• PROBLEM DETAILS
Without changing a word, return the listing below, minus its images.
[[ DATA open ]]
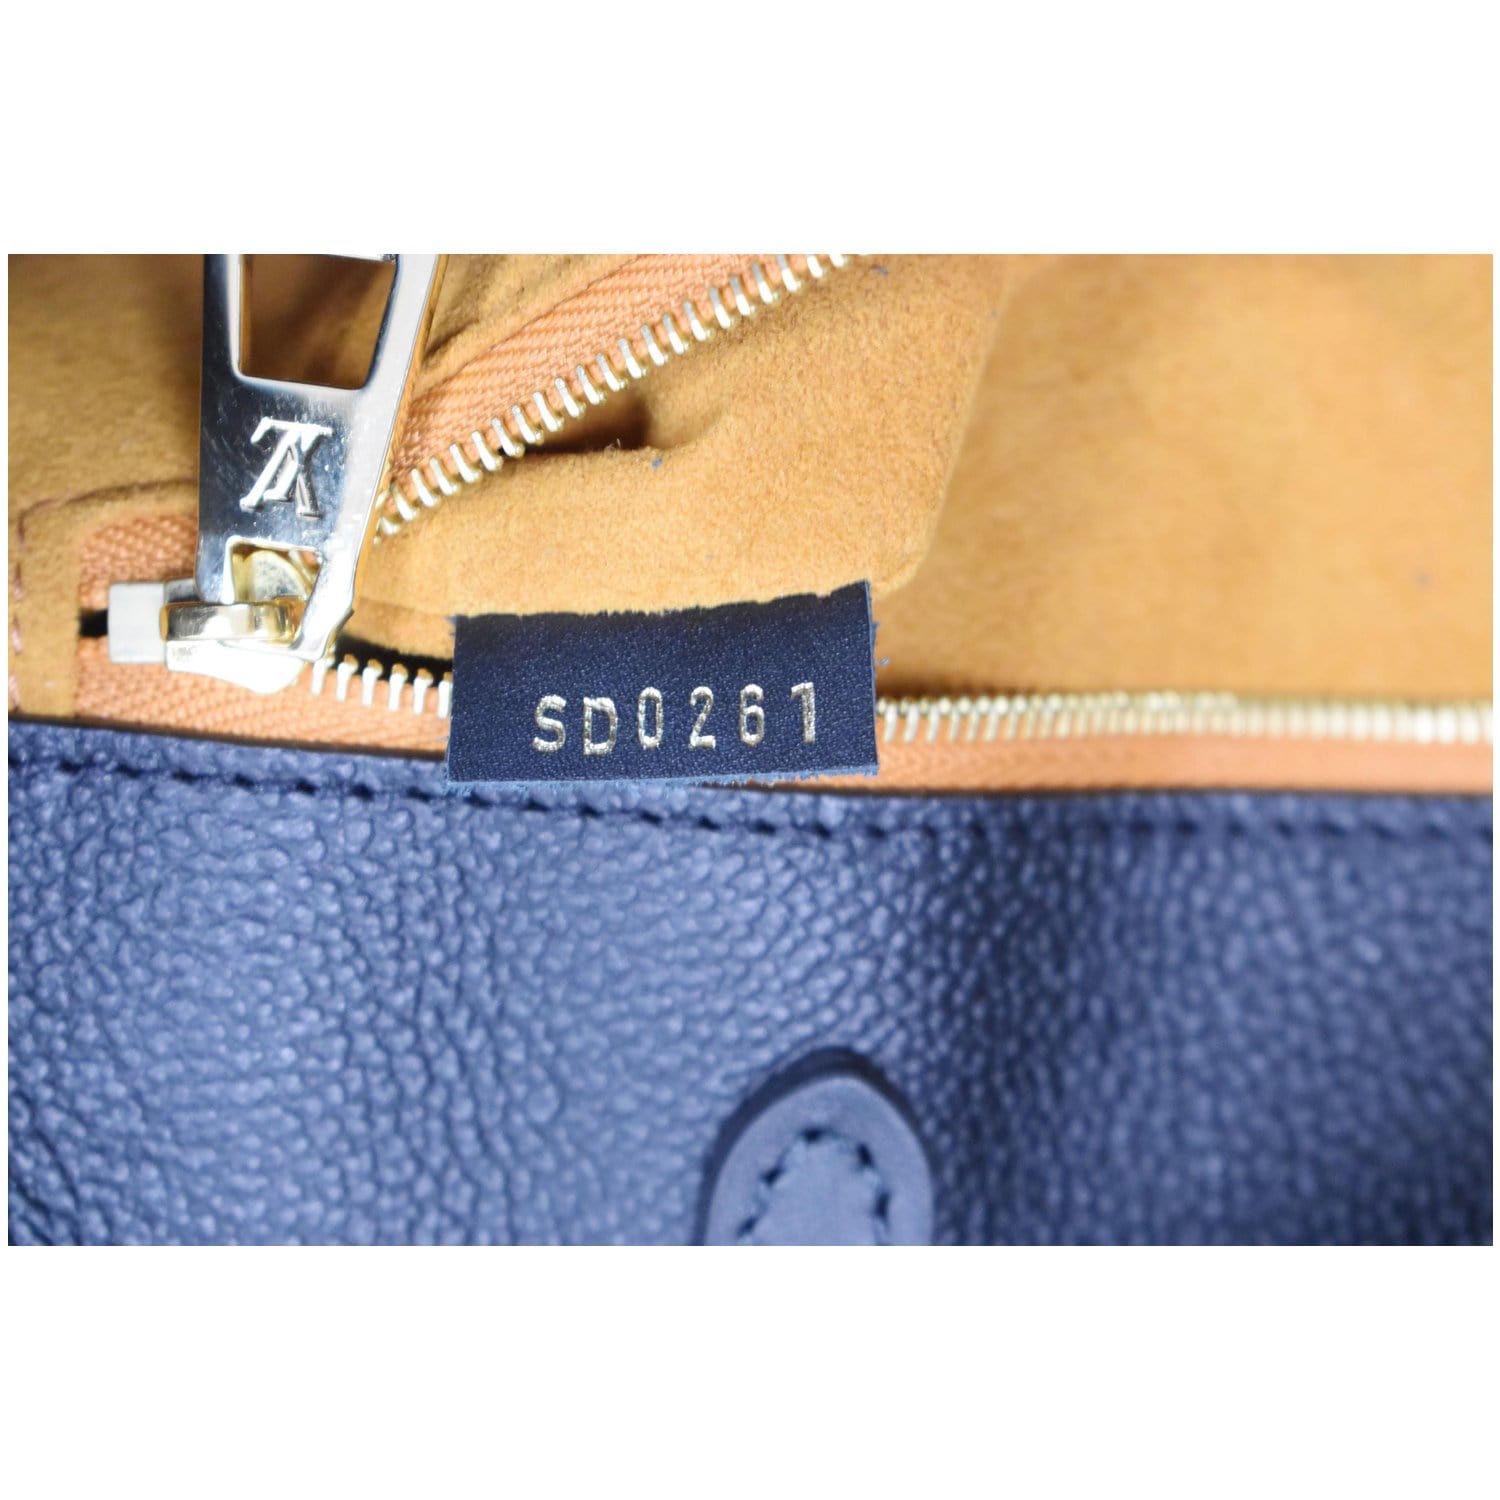 Louis Vuitton Onthego GM Monogram Empreinte Tote Bag
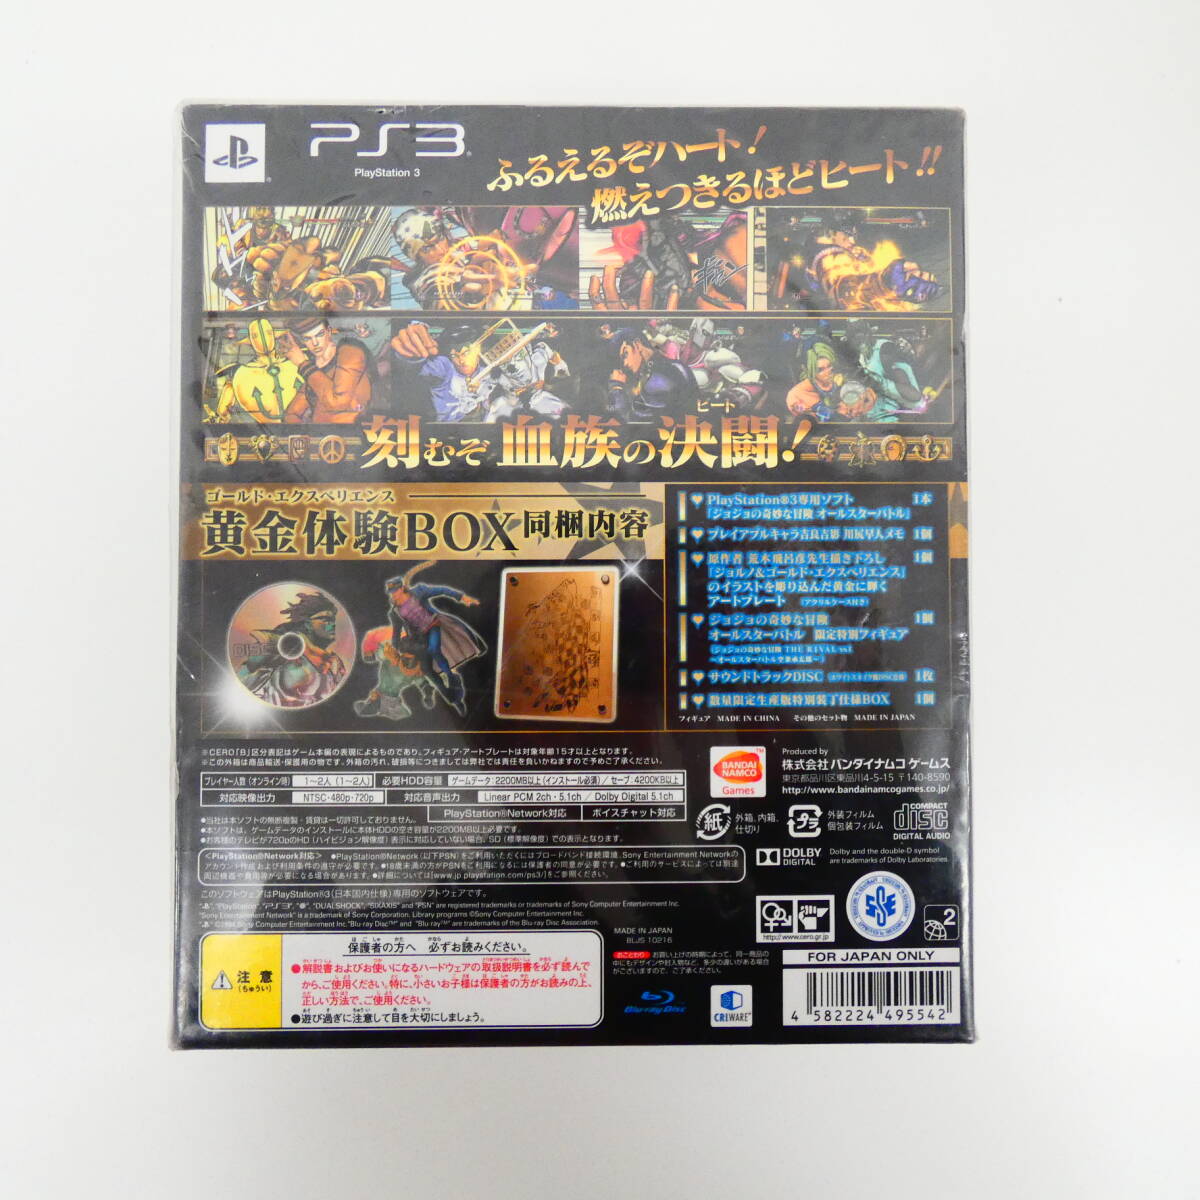 P03100/ JoJo's Bizarre Adventure all Star Battle yellow gold body .( Gold *ek spec liens)BOX PS3 ( Bandai Namco game s)
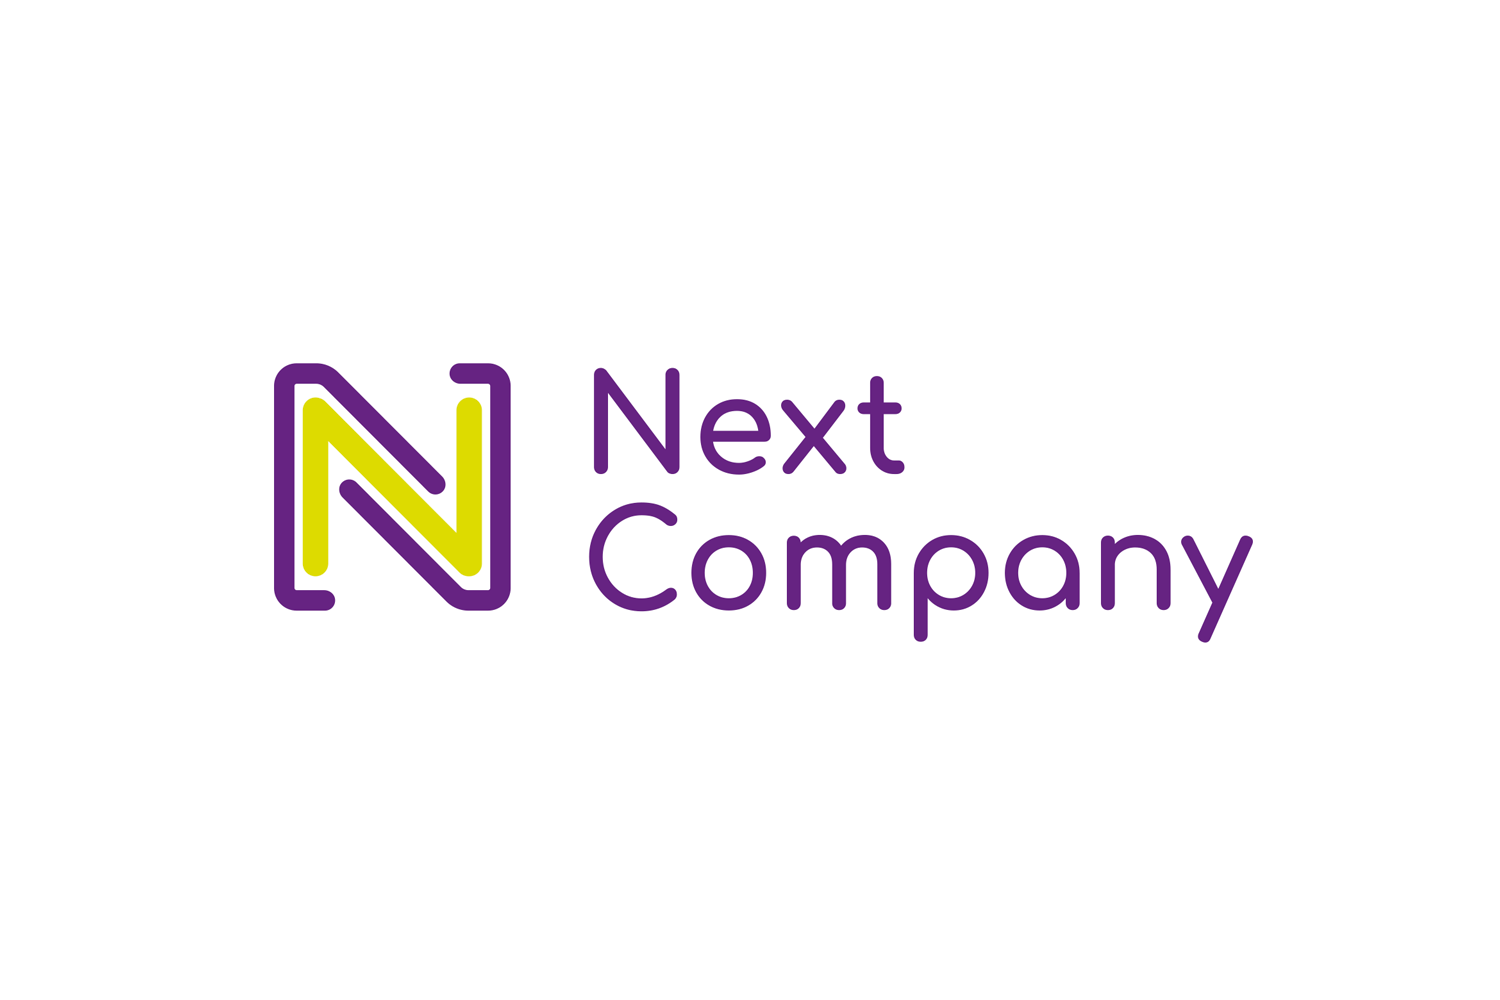 Next Company Logo Template
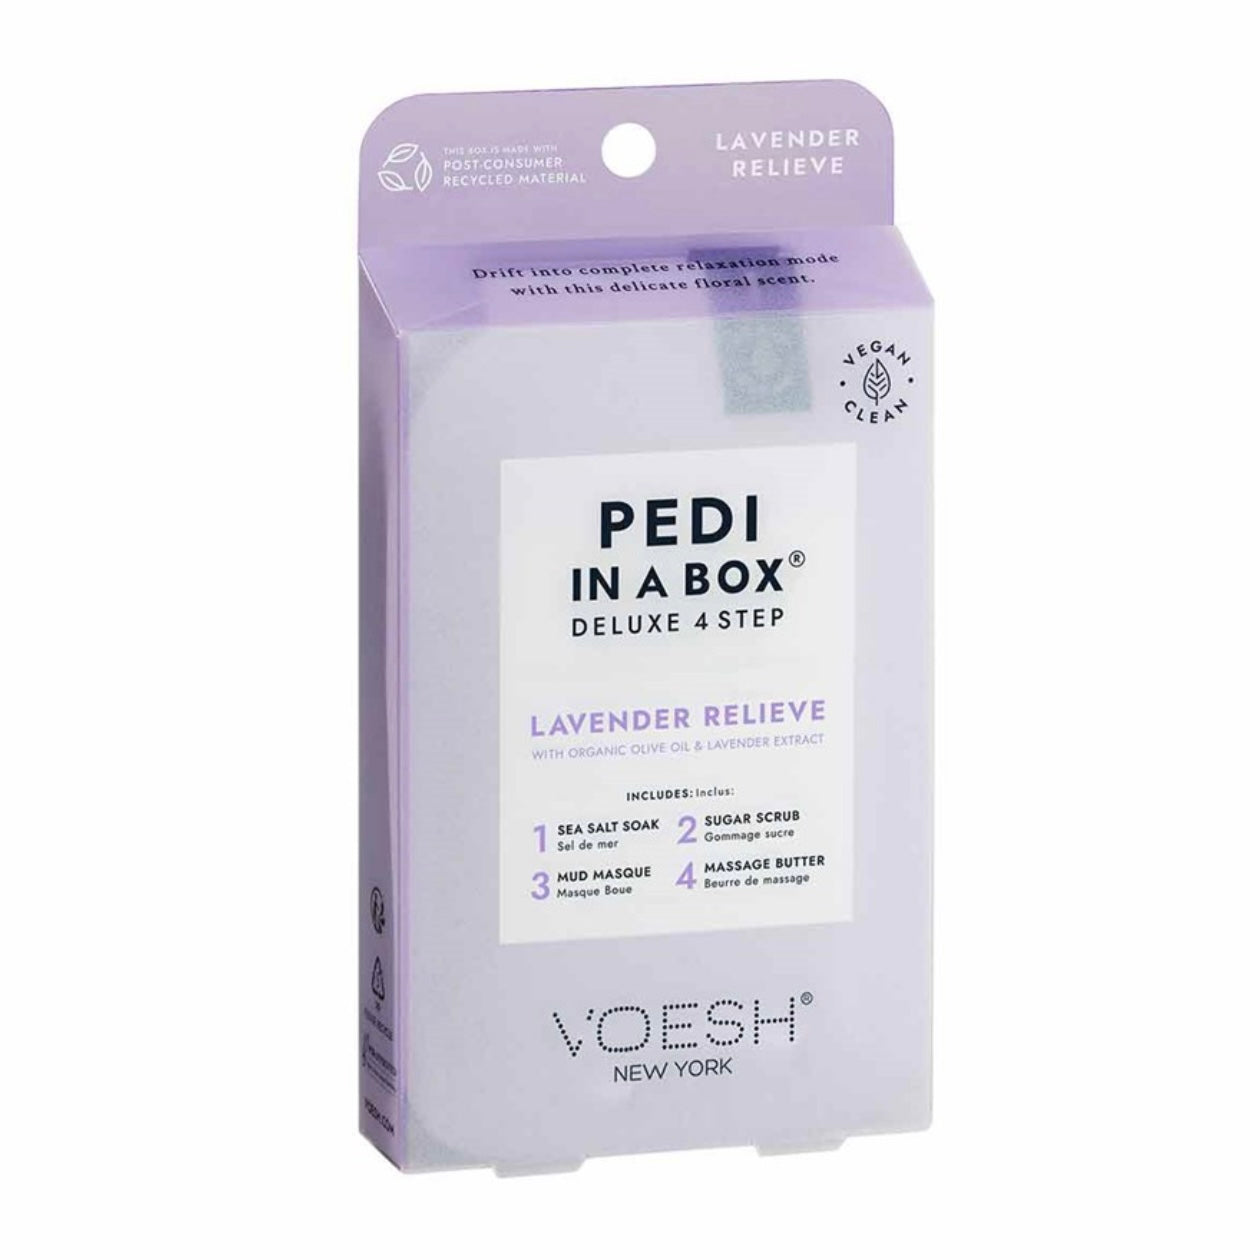 VOESH Pedi In A Box: Deluxe 4 Step - Lavender Relieve
[[ DATA closed ]]
• ANSWER FOR THIS EXERCISE
 Louis Vuitton Onthego GM Monogram Empreinte Tote Bag
 P03100/ JoJo's Bizarre Adventure all Star Battle yellow gold body .( Gold *ek spec liens)BOX PS3 ( Bandai Namco game s)
 Next Company Logo Template
 VOESH Pedi In A Box: Deluxe 4 Step - Lavender Relieve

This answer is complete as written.